Variety of literature

Philippine literature in English has its roots in the efforts of the United States, then engaged in a war with Filipino nationalist forces at the end of the 19th century. By 1901, public education was institutionalized in the Philippines, with English serving as the medium of instruction. That year, around 600 educators in the S.S. Thomas (the "Thomasites") were tasked to replace the soldiers who had been serving as the first teachers. Outside the academe, the wide availability of reading materials, such as books and newspapers in English, helped Filipinos assimilate the language quickly. Today, 78.53% of the population can understand or speak English (see List of countries by English-speaking population).

==The Commonwealth Period==
The founding of Silliman University by Presbyterian missionaries and the Philippine Normal School (PNS) in 1901 and the University of the Philippines (U.P.) in 1908, as well as of English newspapers like the Daily Bulletin (1900), The Cablenews (1902), and the Philippines Free Press (1905), helped boost English usage. The first ten years of the century witnessed the first verse and prose efforts of Filipinos in student publications such as The Filipino Students’ Magazine first issue, 1905, a short-lived quarterly published in Berkeley, California, by Filipino pensionados (or government scholars); the U.P. College Folio (first issue, 1910); The Coconut of the Manila High School (first issue, 1912); and The Torch of the PNS (first issue, 1913).

However, the beginnings of anything resembling a professional market for writing in English would not be realized until the 1920s with the founding of other newspapers and magazines like the Philippines Herald in 1920, the Philippine Education Magazine in 1924 (renamed Philippine Magazine in 1928), and later the Manila Tribune, the Graphic, Woman's Outlook, and Woman's Home Journal. The publications helped introduce the reading public to the works of Paz Márquez-Benítez, José García Villa, Loreto Paras, Luis Dato, and Casiano Calalang, among others. Cash incentives were given to writers in 1921 when the Free Press started to pay for published contributions and awarded ₱1,000 for the best stories. The organization in 1925 of the Philippine Writers Association and in 1927 of the University of the Philippines National Writers Workshop, which put out the Literary Apprentice, also helped encourage literary production. In 1939, the Philippine Writers League was put up by politically conscious writers, intensifying their debate with those in the "art for art's sake" school of Villa.

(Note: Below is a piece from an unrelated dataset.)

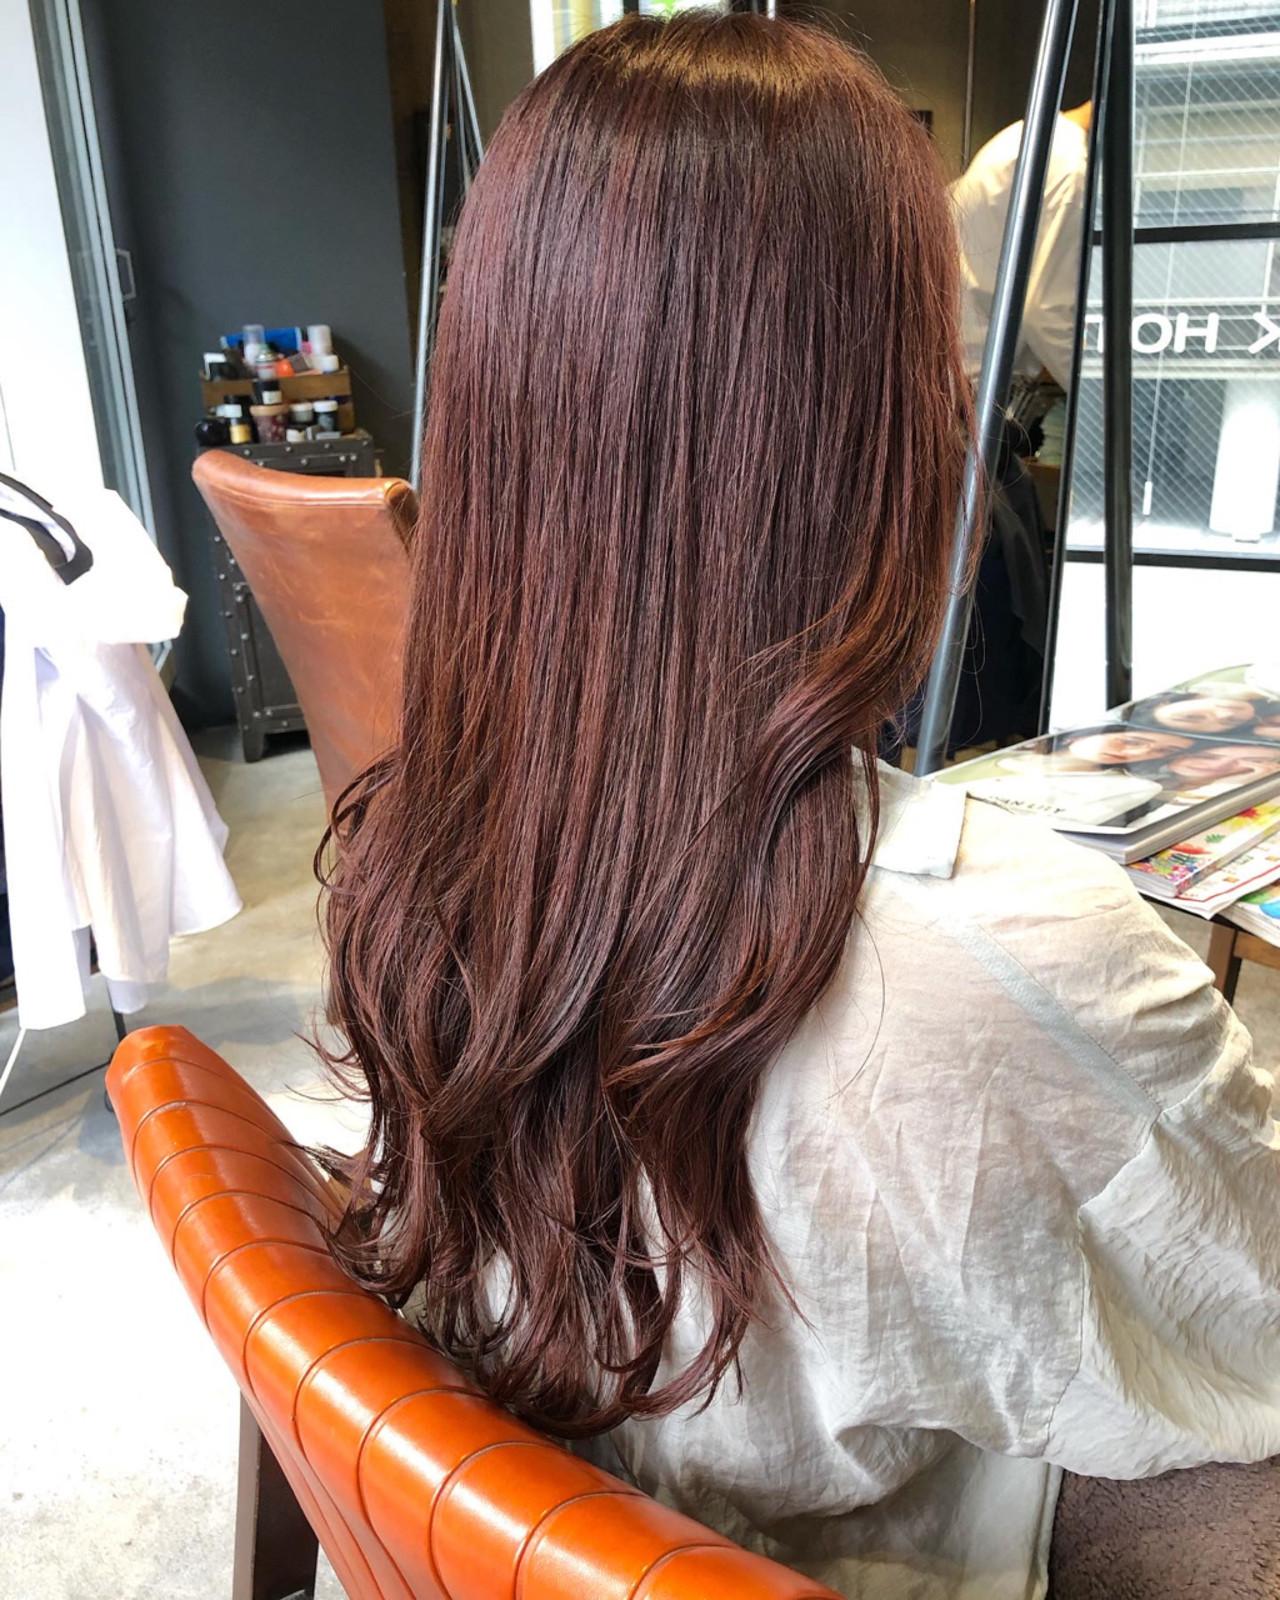 チェリーレッド ガーリー 韓国ヘア レッドカラー ヘアスタイルや髪型の写真・画像

Among the significant publications of this fertile period were:
- Filipino Poetry (1924) by Rodolfo Dato;
- Manila A Collection of Verse (1926) by Luis Dato
- English-German Anthology of Filipino Poets (1934) by Pablo Laslo;
- José García Villa's Many Voices (1939) and Poems of Doveglion (1941);
- Poems (1940) by Angela Manalang-Gloria;
- Chorus for America: Six Philippine Poets (1942) by Carlos Bulosan;
- Zoilo Galang's A Child of Sorrow (1921), the first Filipino novel in English, and Box of Ashes and Other Stories (1925), the first collection of stories in book form;
- Villa’s Footnote to Youth: Tales of the Philippines and Others (1933);
- "The Wound and the Scar" (1937) by Arturo Rotor, a collection of stories;
- "Winds of April" (1940) by N. V. M. Gonzalez;
- "His Native Soil" (1941) by Juan C. Laya;
- Manuel Arguilla's "How My Brother Leon Brought Home a Wife and Other Stories" (1941);
- Galang's "Life and Success" (1921), the first volume of essays in English; and
- the influential "Literature and Society" (1940) by Salvador P. López.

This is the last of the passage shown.